8.5 A Quick Look at Jakarta-ORO

Jakarta-ORO (from now on, just "ORO") is a vast, modular framework of mostly regex-related text-processing features containing a dizzying eight interfaces and 35+ classes. When first faced with the documentation, you can be intimidated until you realize that you can get an amazing amount of use out of it by knowing just one class, Perl5Util, described next.

8.5.1 ORO's `Perl5Util`

This ORO version of the example from Section 8.4.3 shows how simple Perl5Util is to work with:

      import org.apache.oro.text.perl.Perl5Util;



      public class SimpleRegexTest {

        public static void main(String[] args)

        {

           String sampleText = "this is the 1st test string";

           Perl5Util engine = new Perl5Util();

                  

           if (engine.match("/\\d+\\w+/", sampleText)) {

               String matchedText = engine.group(0);

               int    matchedFrom = engine.beginOffset(0);

               int    matchedTo   = engine.endOffset(0);

               System.out.println("matched [" + matchedText + "] from " +

                                  matchedFrom + " to " + matchedTo + ".");

           } else {

               System.out.println("didn't match");

           }

        }

     }

One class hides all the messy details about working with regular expressions behind a simple façade that somewhat mimics regular-expression use in Perl.
Where Perl has

     $input =~ /^([-+]?[0-9]+(\.[0-9]*)?)\s*([CF])$/i

(from an example in Chapter 2 see Section 2.2.3.2), ORO allows:

     engine.match("/^([-+]?[0-9]+(\\.[0-9]*)?)\\s*([CF])$/i", input)

Where Perl then has

     $InputNum = $1; # Save to named variables to make the ...

     $Type     = $3; # ... rest of the program easier to read.

ORO provides for:

     inputNum = engine.group(1); // Save to named variables to make the ...



     type     = engine.group(3); // ... rest of the program easier to read.

If you're not familiar with Perl, the /···/i trappings may seem a bit odd, and they can be cumbersome at times, but it lowers the barrier to regex use about as low as it can get in Java.^[3] (Unfortunately, not even ORO can get around the extra escaping required to get regex backslashes and double quotes into Java string literals.)

^[3] One further step, I think, would be to remove the Perl trappings and just have separate arguments for the regex and modifier. The whole m/···/ bit may be convenient for those coming to Java from a Perl background, but it doesn't seem "natural" in Java.

Even substitutions can be simple.
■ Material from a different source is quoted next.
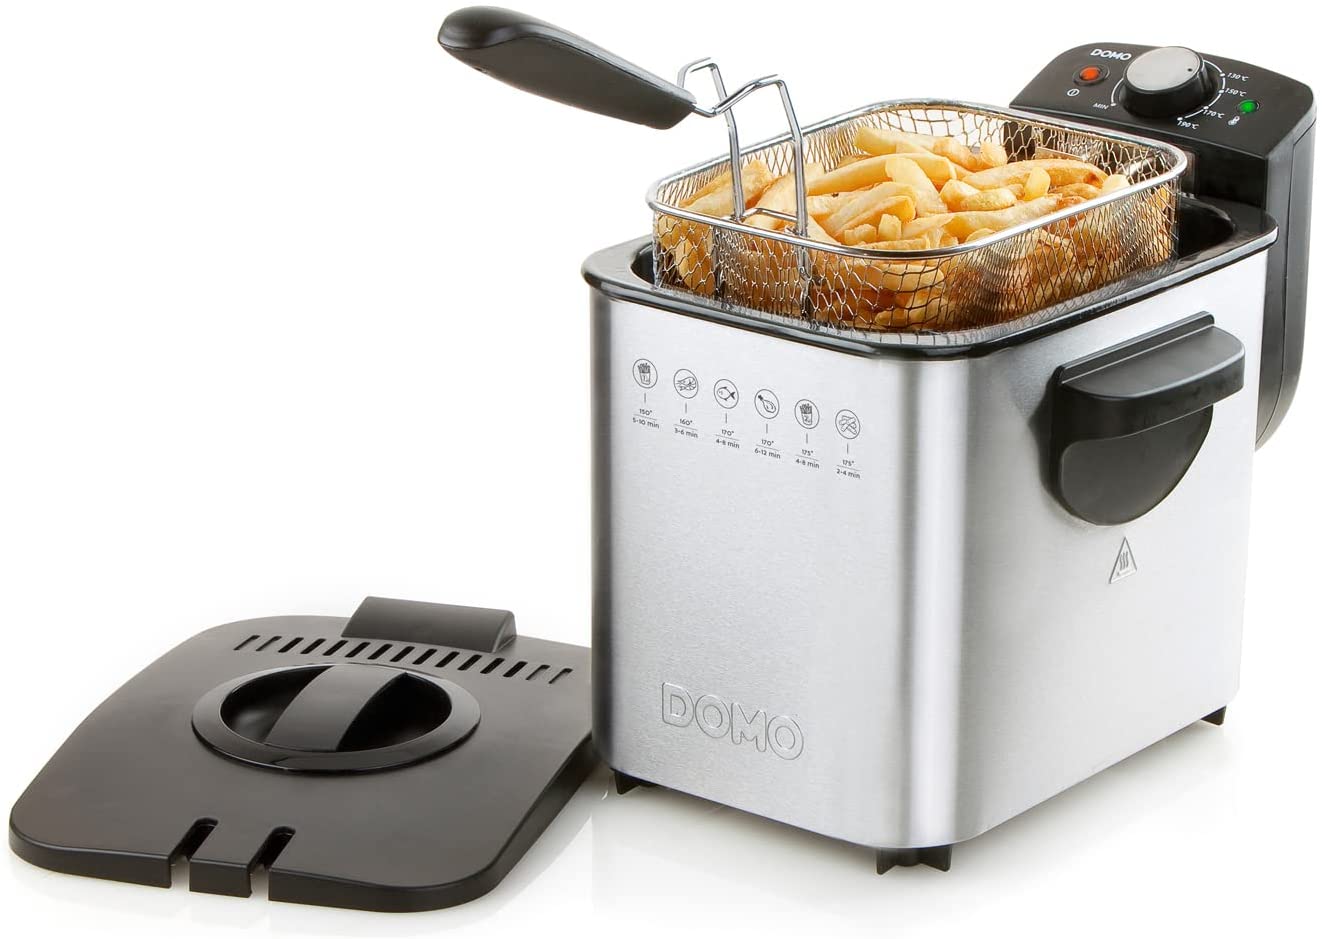 Domo Stainless Steel Fryer with Cold Zone, 4 Litre, Lid with Filter

An example from Chapter 2 to "commaify" a number (see Section 2.3.5.5) looks like this in Perl:

      $text =~ s/(\d)(?=(\d\d\d)+(?!\d))/$1,/g;

and this with ORO:

      text = engine.substitute("s/(\\d)(?=(\\d\\d\\d)+(?!\\d))/$1,/g", text);

Traditionally, regular-expression use in Java has a class model that involves precompiling the regex to some kind of pattern object, and then using that object later when you actually need to apply the regex. The separation is for efficiency, so that repeated uses of a regex doesn't have to suffer the repeated costs of compiling each time.

So, how does Perl5Util, with its procedural approach of accepting the raw regex each time, stay reasonably efficient? It caches the results of the compile, keeping a behind-the-scenes mapping between a string and the resulting regex object. (See "Compile caching in the procedural approach" in Chapter 6 see Section 6.4.4.1.2.)

It's not perfectly efficient, as the argument string must be parsed for the regex delimiters and modifiers each time, so there's some extra overhead, but the caching keeps it reasonable for casual use.

8.5.2 A Mini `Perl5Util` Reference

The ORO suite of text-processing tools at first seems complex because of the raw number of classes and interfaces. Although the documentation is well-written, it's hard to know exactly where to start. The Perl5Util part of the documentation, however, is fairly self-contained, so it's the only thing you really need at first. The next sections briefly go over the main methods.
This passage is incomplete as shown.